На следующем уроке Гендель волей или неволей еще больше загоняет меня с моими невыраженными чувствами в угол.
– Посмотрите, дамы и господа, вот на это и скажите мне, что вы видите, – говорит он, в очередной раз тратя время, отведенное на математику, на разговор на отвлеченную тему.
С этими словами он отходит в сторону, и из-за его необъятной спины вырисовывается приклеенный на доску постер с изображением голой женщины – абсолютно неестественной и ничем не отличающейся от сотен других таких же, вызывающе смотрящих со страниц любого мужского журнала. На стульях заерзали, и с разных концов класса раздался одобрительный свист.
– Ну, в любом случае голого мужчины я тут не вижу, – недовольно взвивается рядом со мной Кэт, достаточно громко для того, чтобы Гендель обернулся и бросил в ее сторону полусерьезный, полушутливый извиняющийся взгляд, который она принимает со снисходительным кивком. Наш математик уже давно является большим, хотя и тайным поклонником ее успехов на скрипичном поприще.
– Откуда она у вас? – спрашивает кто-то с задней парты.
– Это к делу не относится, – угрюмо бурчит в ответ Гендель, растопыривая пальцы и вздымая руки, словно желая благословить целый класс одному ему известно на что. – Что вы здесь видите?
Николас, не обращая на постер никакого внимания, изучает ногти на своих руках. Гендель вновь опускает свои мясистые руки, чтобы затем в мгновение ока прилепить на доску еще три изображения: репродукцию какой-то экспрессионистской картины – ломаные плоскости и цвета, которые мог выбрать только сумасшедший в горячечном бреду; до фотографического зерна увеличенную фотографию какой-то пустыни с утесами, торчащими из земли, как клыки из челюсти давно погибшего животного, на горизонте которой бурлит жалкий клочок кипящего на солнце моря; и рекламный плакат страховой компании, на котором отец, мать и ребенок выстроились на фоне только что возведенного дома, вокруг которого по ядовито-зеленому саду носится отчаянно жизнерадостная собака.

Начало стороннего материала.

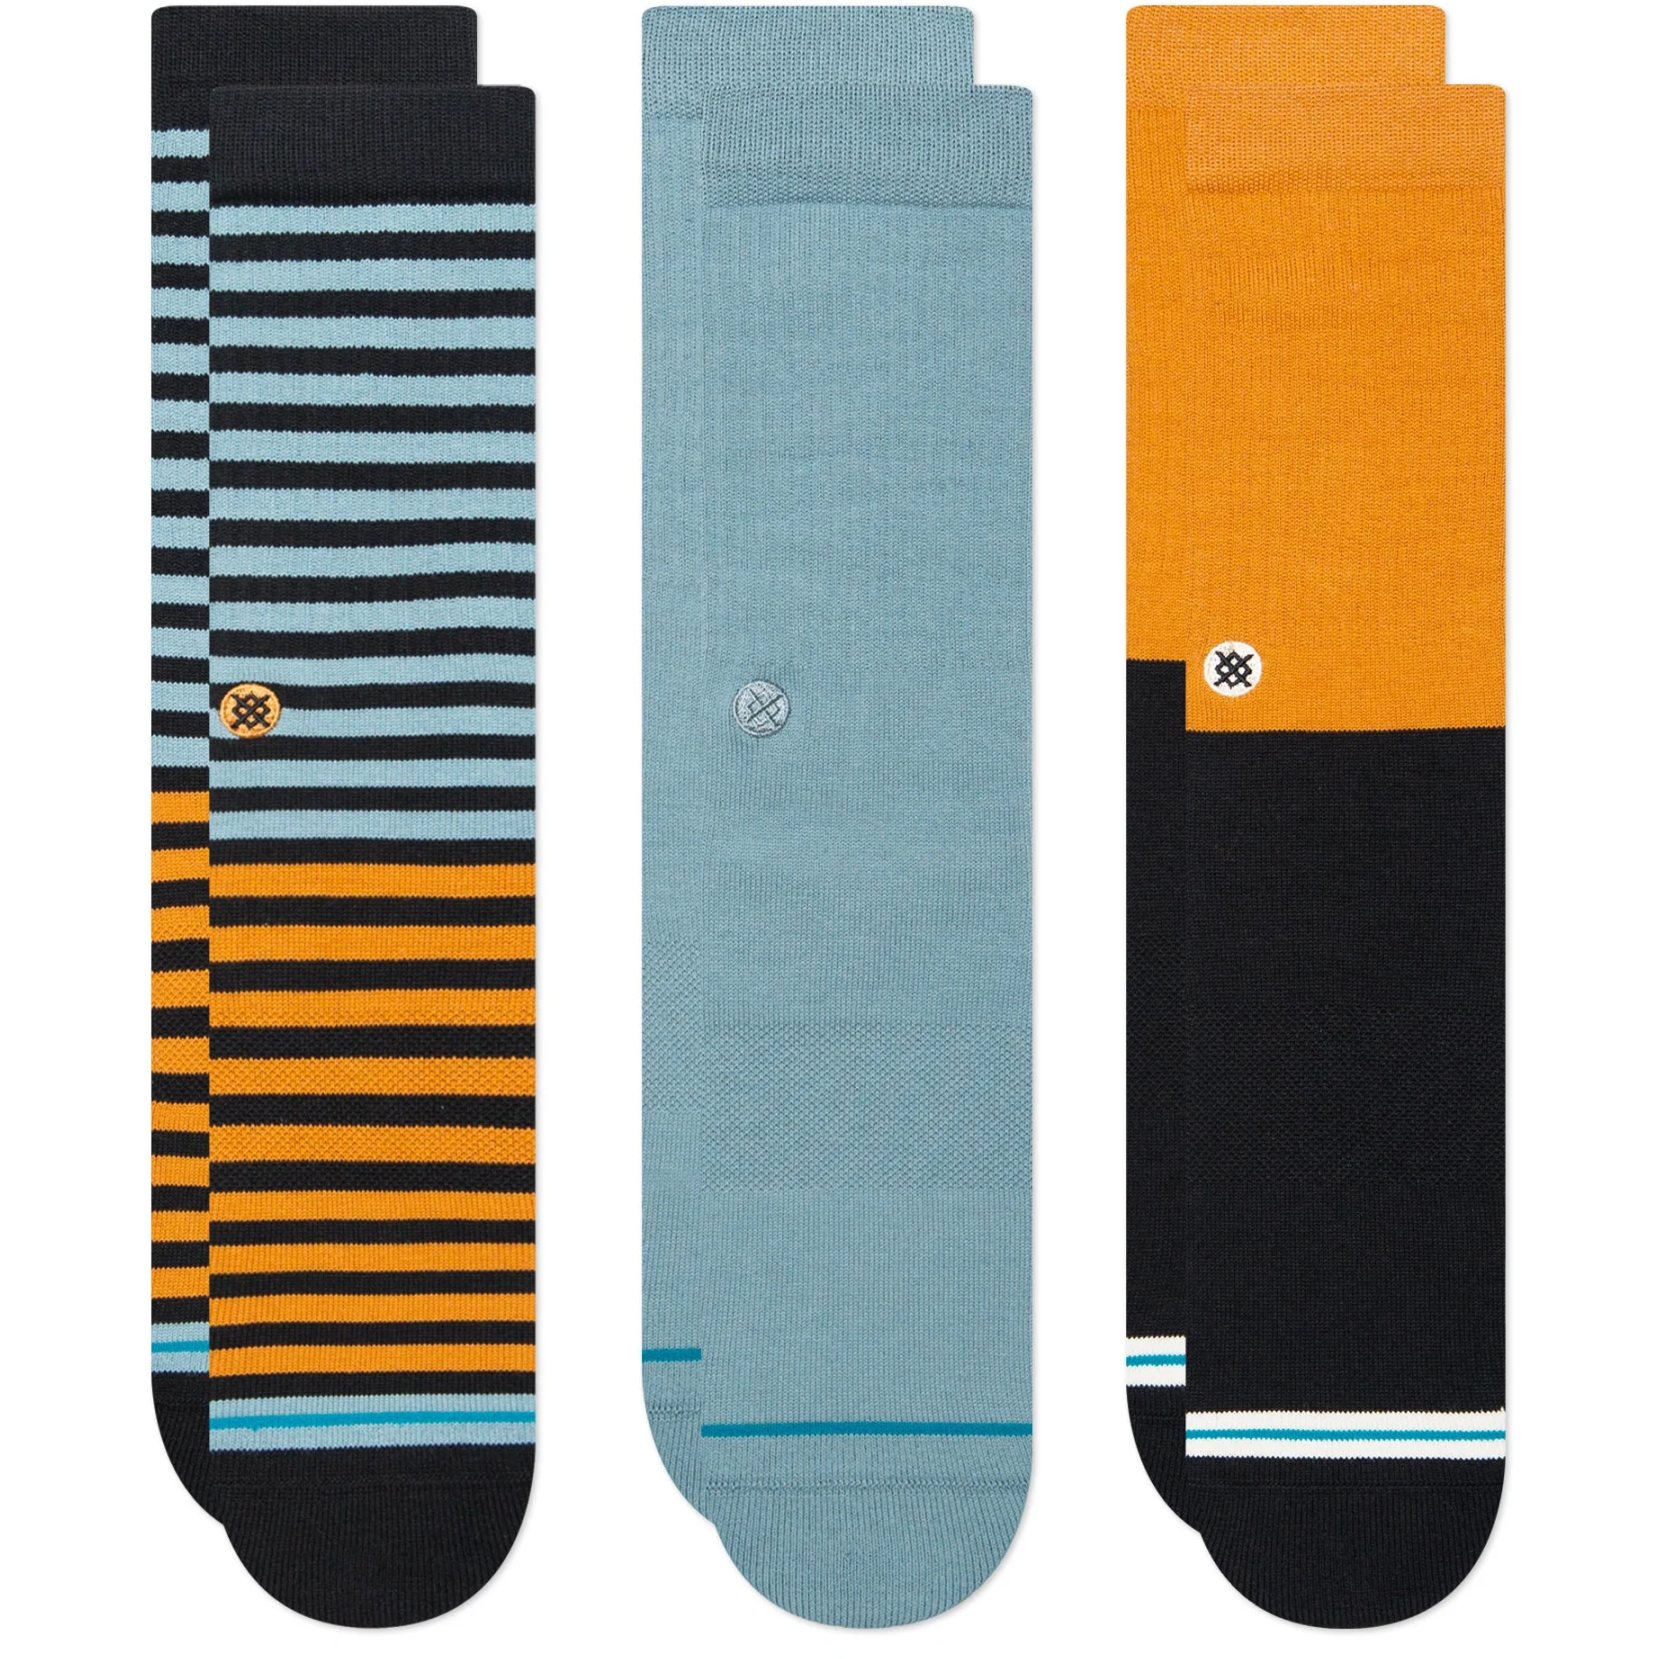 Picture of Stance Barnacle 3 Pack Socks - multi

– Научитесь абстрагироваться, – произносит он, отходя в сторону и складывая руки на животе. Кончики его пальцев нервно барабанят друг о друга. – Посмотрите вглубь вещей, не доверяйте внешности – она обманчива. Не дайте ей взять над вами верх, и не давайте своим мыслям обманывать вас самих! Что вы видите?

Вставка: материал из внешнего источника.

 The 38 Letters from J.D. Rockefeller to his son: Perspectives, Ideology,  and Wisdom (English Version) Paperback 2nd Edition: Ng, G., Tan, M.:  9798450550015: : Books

Я вижу, как Николас медленно закрывает темные глаза и кивает.
Время от времени я возвращаюсь к старым картам, которые принес шесть лет назад из школьного подвала. После того ужасного случая с Вольфом и последовавшего за ним переезда на верхний этаж я повесил их на стену своего нового пристанища, вытащил все открытки, что присылал нам Гейбл из своих дальних странствий, и начал отмечать на карте мира те незнакомые и невероятные места, о которых в них говорилось, булавками с ярко-красными головками. Булавками с зелеными головками я отмечал те, в которых хотел бы побывать сам, потому что меня притягивали и манили их прекрасные, загадочные имена, или просто потому что там находились известные здания или удивительные уголки нетронутой живой природы. Каждая воткнутая зеленая булавка была для меня осязаемым воплощением давно гнездившегося в глубине моей души желания в один прекрасный день оставить Визибл и опостылевший город.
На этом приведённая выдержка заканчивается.